Sharon Rayder, Major Crimes
I may be in the minority in that I much preferred the spinoff of The Closer far more than I liked the original series. And a large part of the reason was the decision to put Mary McConnell’s Captain Rayder front and center. I always liked her when she represented the Force Prevention Unit on The Closer even though (and maybe even because) she was often clashing when Kyra Sedgwick’s characters way of doing business. (And as anyone who watched some of the actions Brenda Leigh Johnson took throughout the entire series, it’s kind of amazing she kept her job for seven seasons.) Rayder had the same loyalty to her men that Chief Johnson did but she had more integrity and compassion than we ever saw Sedgwick show in her time on The Closer. I may not have liked the storyline that involved Rusty that made up so much of the series backbone, but you could never a million years she Brenda as being the least bit maternal. And it gutted me in a way so many other character deaths on television never have when Rayder died of heart failure near the end of the sixth and final season just as much as it did the entire unit. Television needs more cop series like Major Crimes and more bosses like Sharon Rayder.
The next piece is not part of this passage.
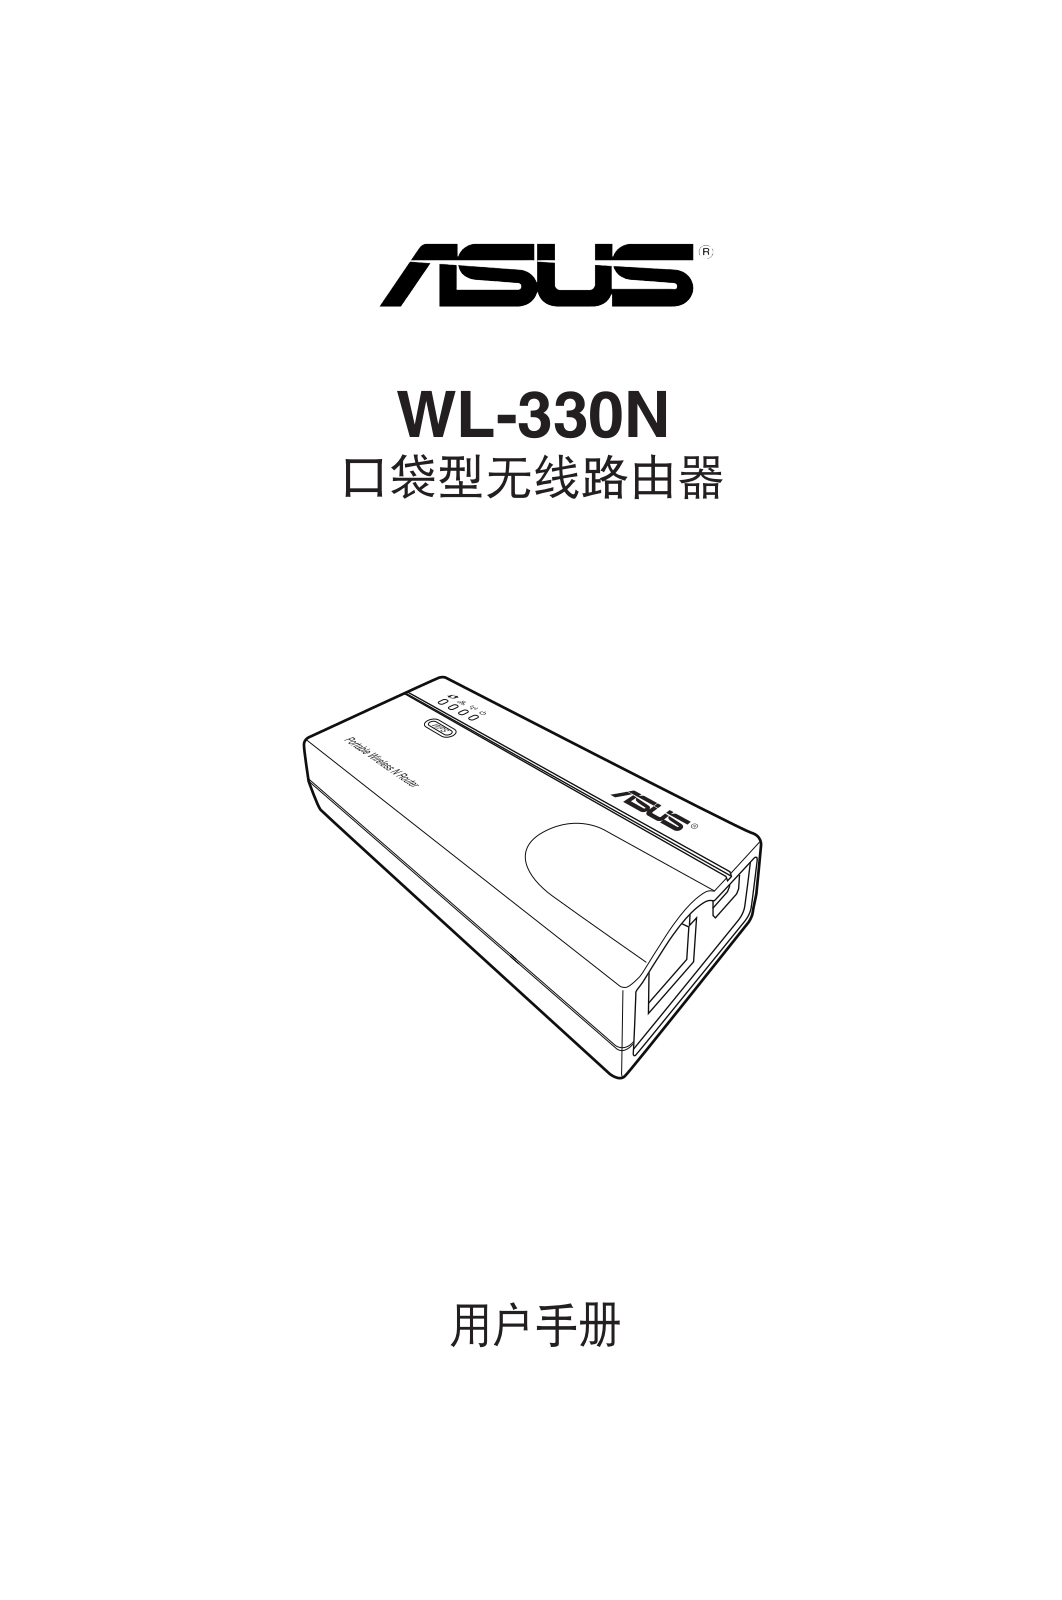 ASUS WL-330N, C6757 User Manual

Jacqueline Carlyle, The Bold Type
So many times in entertainment journals and online reviews of The Bold Type I would hear Jacqueline, the editor-in-chief of ‘Scarlet’, described as ‘the best boss ever’. And honestly the hyperbole was very close to be accurate. It wasn’t just the way she mentored Jane, Kat and Sutton in different ways throughout the series run, it was that she was compassionate to everybody on the series even when they made mistakes. It was that she was willing to fight the people upstairs for the story and for critical issues, even when it cost her job. And if the story was important enough that some other part of the company had to publish it before Scarlet, well, she would put her ego ahead of the byline and let it happen. She was friendly even with the people who clearly wanted her job or her out of the way, and she was a loving wife who at the end of the series left the magazine so that she could have adventures with ever patient husband. Melora Hardin did a stint on The Office (and considering how much damage Mike ended up doing to her character on that series, she deserved a bonus) so its possible she could have lifted Michael Scott’s Best Boss Ever mug from his desk. I can imagine everyone at Scarlet wanting to give her a real one.
Wow. I had so much writing this one that there’s a very good possibility there will be follow-ups in the future. God knows there are more than their share of bad bosses on TV and quite a few good ones.